De anomie werd gezien als het gevolg van het gebrek aan afstemming van enerzijds
sociaal wenselijke aspiraties (culturele doelen), zoals een zeker niveau van welvaart, en
anderzijds de legitieme middelen die mensen hebben om die doelen te bereiken. Merton
zocht voor sociologische verklaring, toentertijd werd er meer gekeken naar dominante
individualistische verklaring. Hij wilde ontdekken hoe sociale structuren druk (pressure)
uitoefenen, op bepaalde personen in de samenleving, om niet-conformistisch i.p.v.

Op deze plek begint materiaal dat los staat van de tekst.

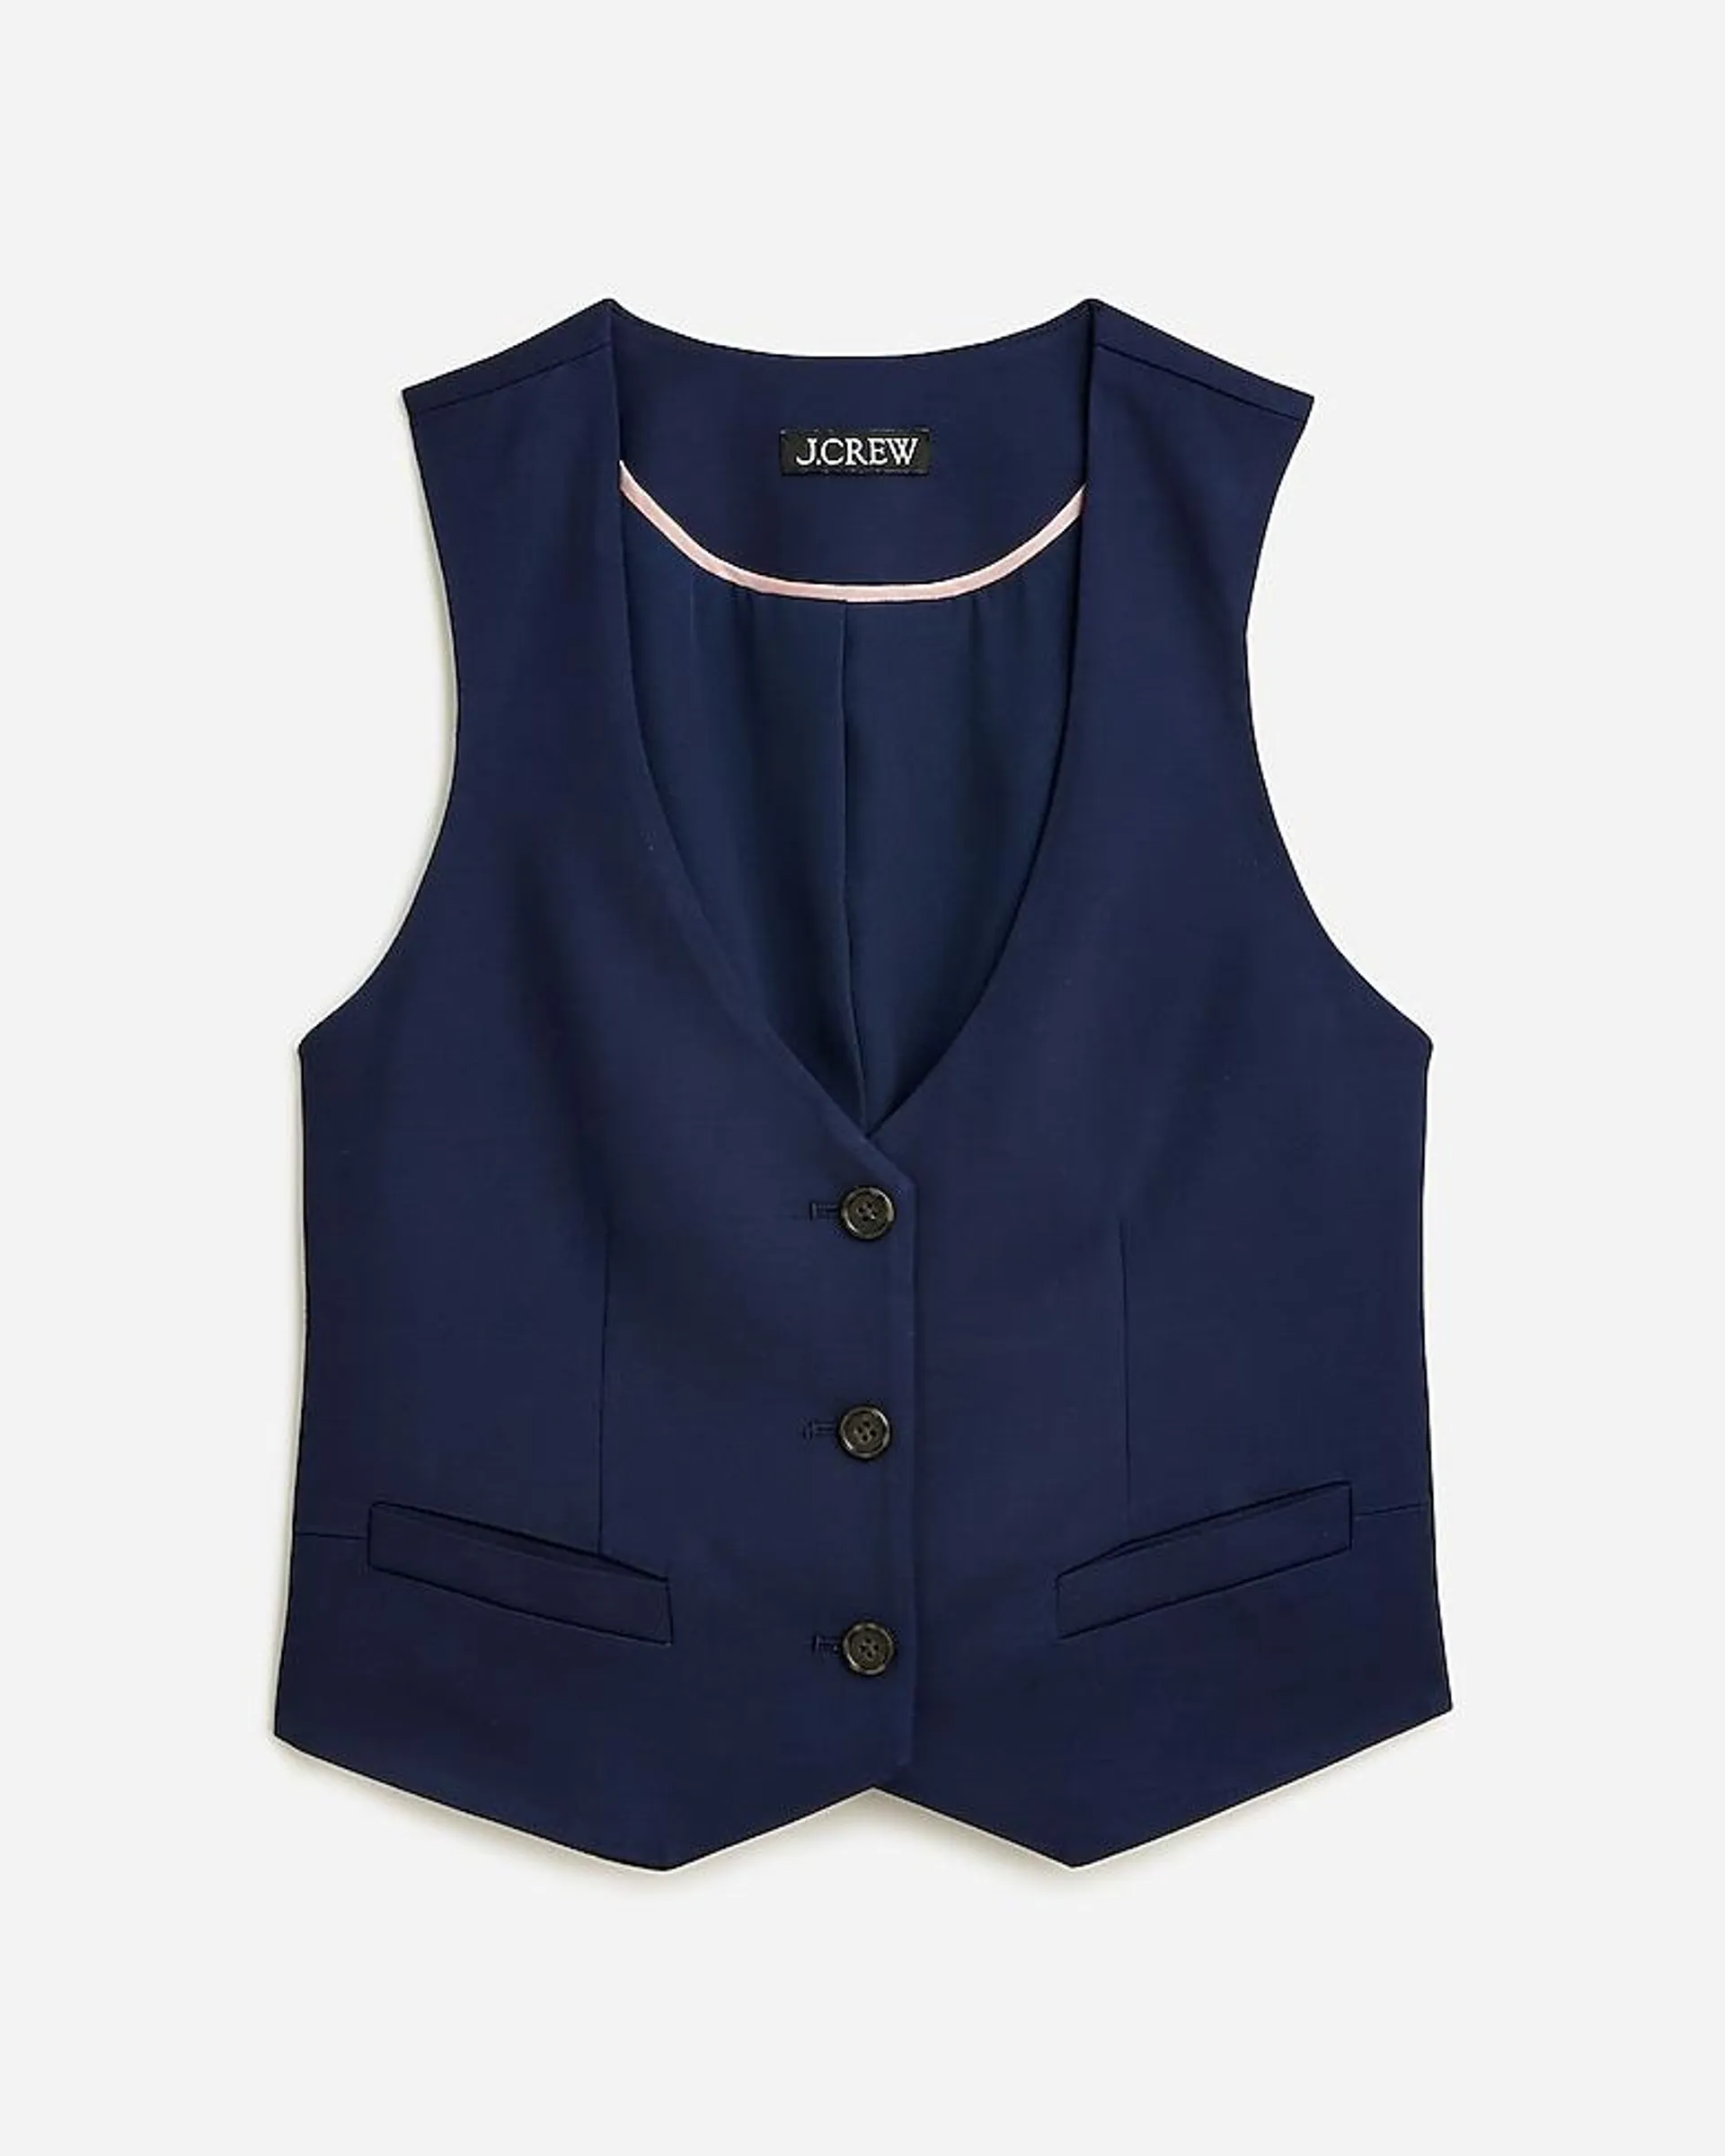 Classic-fit vest in city twill

conformistisch gedrag te vertonen. (dus de neiging hebben om zich wel of niet aan te passen
aan de cultuur).
Anomie theorie (Emile Durkheim 1858-1917)
- Men doet criminele dingen als ze gefrustreerd zijn omdat ze hun levensdoelen niet
kunnen behalen. Armoede en ongelijkheid onvermijdelijk en normaal.
- Gebrek aan maatschappelijke regels en normen: criminaliteit
- Anomie: wetteloosheid (als de regels niet duidelijk zijn)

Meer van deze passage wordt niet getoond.